3 Bismut derivative formula

Fix \(j\in \{1,\dots ,m\}\). The following endomorphisms are built from the curvature and its first derivative and will play a crucial role in the probabilistic formula for \(\nabla \mathrm {e}^{-\frac{t}{2}\vec {\Delta }_j }\), the main result of this section.
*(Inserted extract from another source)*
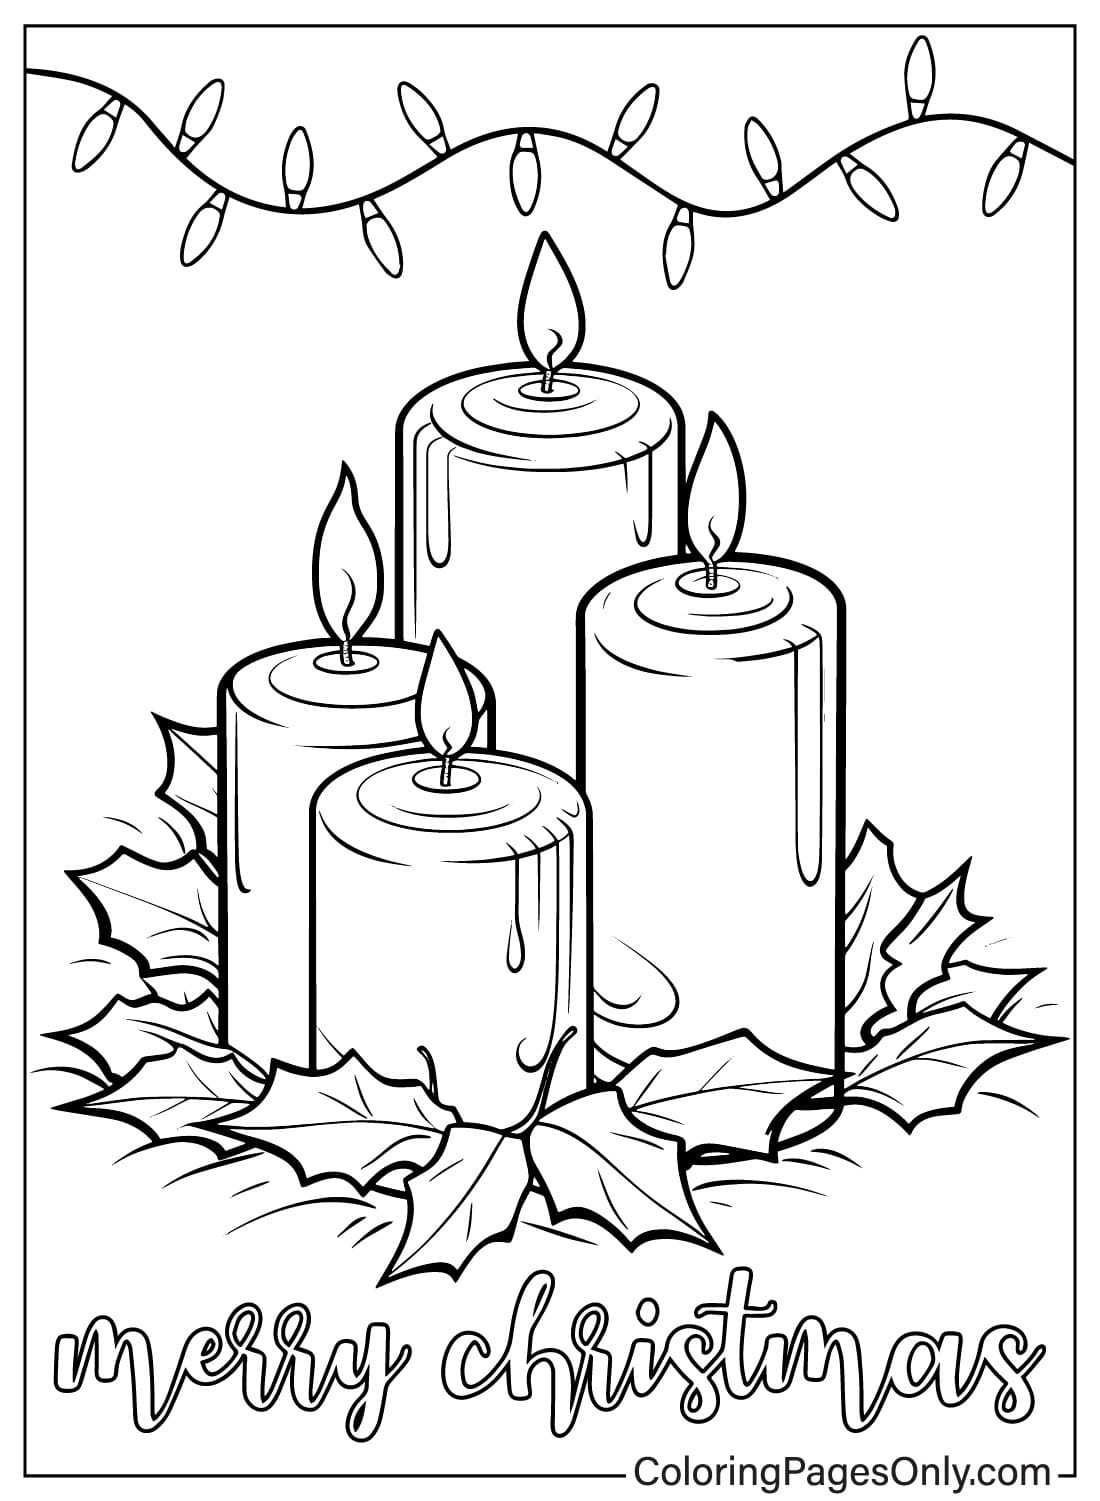 Drawing Christmas Candles Coloring Page - Free Printable Coloring Pages

In this section, we read the Riemannian curvature as a section

$$\begin{aligned} \mathrm {Riem} \in \Gamma _{C^{\infty }} (M, T^*M\otimes T^*M \otimes \mathrm {End}(TM) ). \end{aligned}$$

Then the section

$$\begin{aligned} \underline{V}_j \in \Gamma _{C^{\infty }}(M,\mathrm {End}(T^*M\otimes \Lambda ^jT^*M))=\Gamma _{C^{\infty }}\big (M,\mathrm {End}\big (\mathrm {Hom}(TM, \Lambda ^jT^*M)\big )\big ) \end{aligned}$$

is defined on \(x\in M\), \(\phi \in T_x^*M\otimes \Lambda ^jT_x^*M\), \(v\in T_x^*M\), by

$$\begin{aligned} \underline{V}_j(\phi )(v)\!=\! (\mathrm {Ric}^{\mathrm {tr}}\otimes 1_{\Lambda ^jT^*_xM})(\phi )(v)+( 1_{T^*_xM}\otimes V_j)(\phi )(v)\!-\!2\sum ^m_{i=1}\mathrm {Riem}(v,e_i )\phi (v), \end{aligned}$$

where \(e_j\) is any smooth local orthonormal basis for \(T_x M\), and the section

$$\begin{aligned} \rho _j \in \Gamma _{C^{\infty }}(M,\mathrm {Hom}(T^*M, T^*M\otimes T^*M)) \end{aligned}$$

is defined on \(\alpha \in \Lambda ^jT^*_xM\), \(v\in T_xM\) by

$$\begin{aligned} \rho _j (\alpha )(v) = (\nabla _v V_j)\alpha +\sum ^m_{i=1}(\nabla _{e_i}\mathrm {Riem}^{\mathrm {tr}})(e_i,v)\alpha . \end{aligned}$$

For the formulation of the probabilistic results of this section, we will assume that the reader is familiar with stochastic analysis on manifolds. Classical references in this context are e.g. [16, 22,23,24] (see also [4, 6] for a very brief summary the notions relevant in the sequel).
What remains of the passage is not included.